Research

Genetic mutations are known cancer drivers, but not all patients harbor sufficient driver mutations to account for the onset and progression of the disease. There also exist cancers such as pediatric tumors and several liquid cancers that carry very few genetic alterations, highlighting the need for deeper understanding of non-genetic events that are equally potent to drive tumorigenesis. The role of RNA aberrations in cancer has recently come to light and paves avenues for discovery of mechanisms critical for malignant transformation. Novel therapeutic approaches that target RNA have shown clinical success, resulting in several FDA approved drugs and dozens of clinical trials for a variety human disorders and cancers.

During transcription, precursor RNAs undergo a series of RNA processing events to form mature mRNAs. The 3' end of mRNA is generated by the cleavage of mRNA at a polyadenylation site, followed by the addition of a polyadenosine tail. As most human genes contain multiple polyadenylation signals, these sites can be used in a condition-dependent manner to produce different RNA transcripts. This phenomenon is termed “alternative cleavage and polyadenylation (APA)”, forming an evolutionarily conserved layer of gene regulation.
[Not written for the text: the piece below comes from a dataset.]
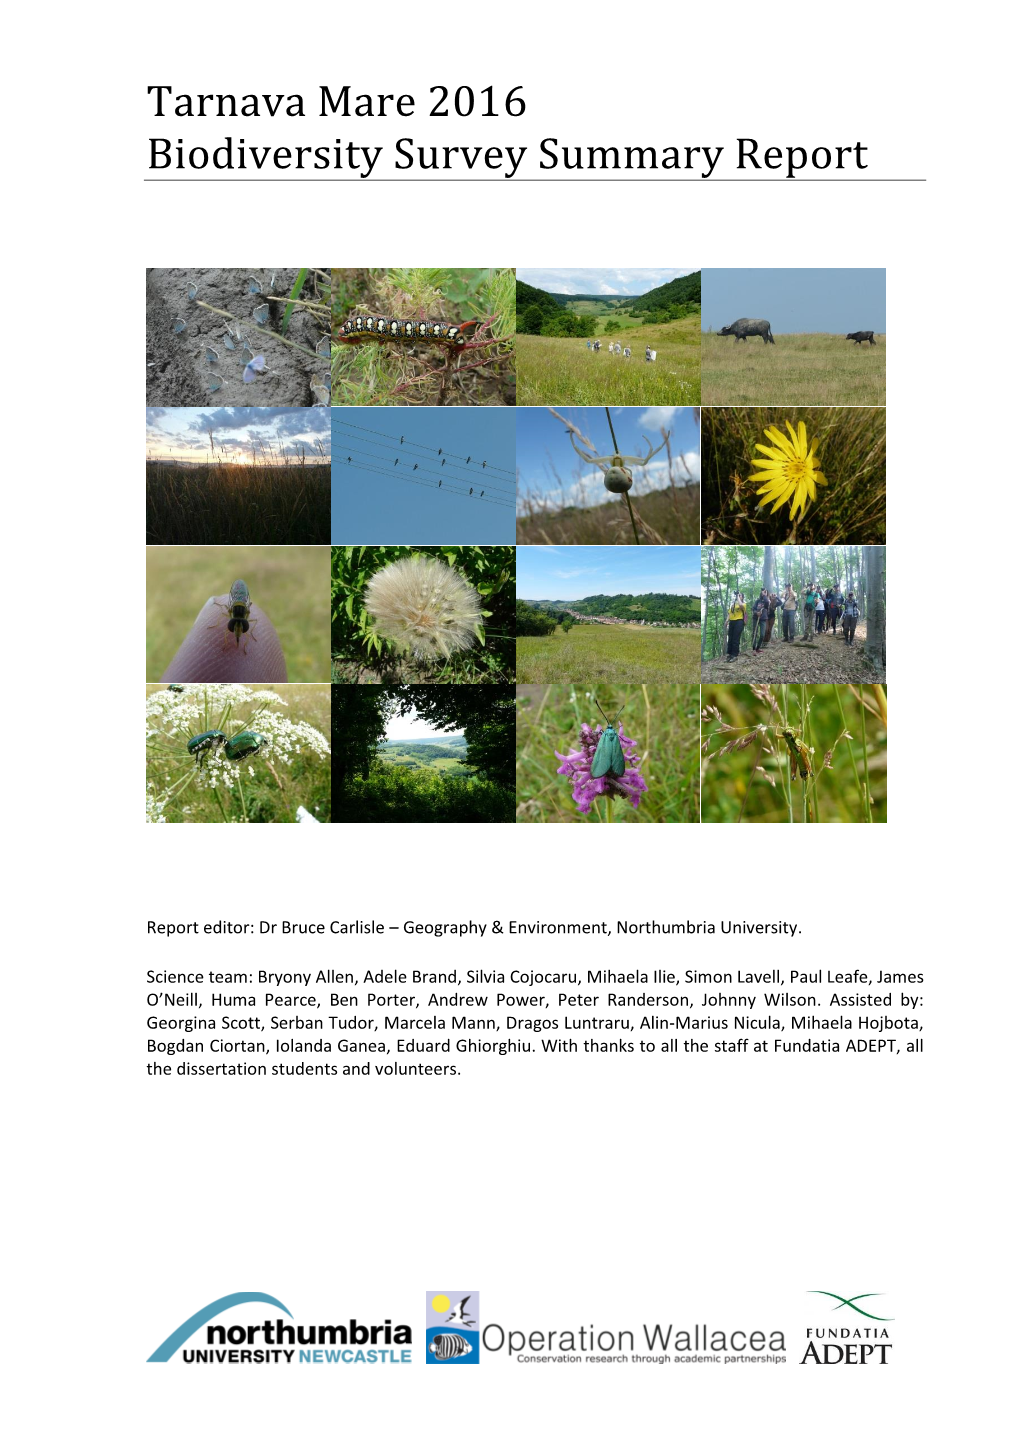 Tarnava Mare 2016 Biodiversity Survey Summary Report

When APA occurs in the 3'-untranslated region (3'UTR) of a gene (termed 3'-APA), it generates mRNA isoforms that carry the same coding sequences but differ in their 3'UTRs. These isoforms contain different regulatory elements that determine each RNA’s fate (e. g. stability, localization) and affect protein translation and protein-protein interaction. As such, 3'-APA increases transcriptome and proteome complexity in cells. Cancer cells employ this mechanism to alter protein functions and gain oncogenic properties (Lee et al., 2019, shown in the figure on the right side). When polyadenylation signals in introns are recognized (termed intronic APA), cells generate truncated mRNA isoforms. Cancer cells are able to utilize intronic polyadenylation to inactivate tumor suppressor genes and promote cell survival (Lee and Singh, et al., 2018). Thus, intronic APA phenocopies the outcome of genetic truncating mutations to abolish normal gene functions in cells.

APA is widespread in both healthy and diseased cells. However, its functional significance is largely underappreciated and the underlying mechanisms by which APA occurs are poorly studied. Our laboratory uses genetic, molecular and cell biological, and biochemical approaches to understand how cancer cells exploit APA to manipulate cancer-relevant genes at the level of mRNA but not DNA to impact the biology of cancer cells and promote disease development and progression. We also explore the regulatory networks that modulate APA formation. We hope to provide new treatment strategies to tackle cancer.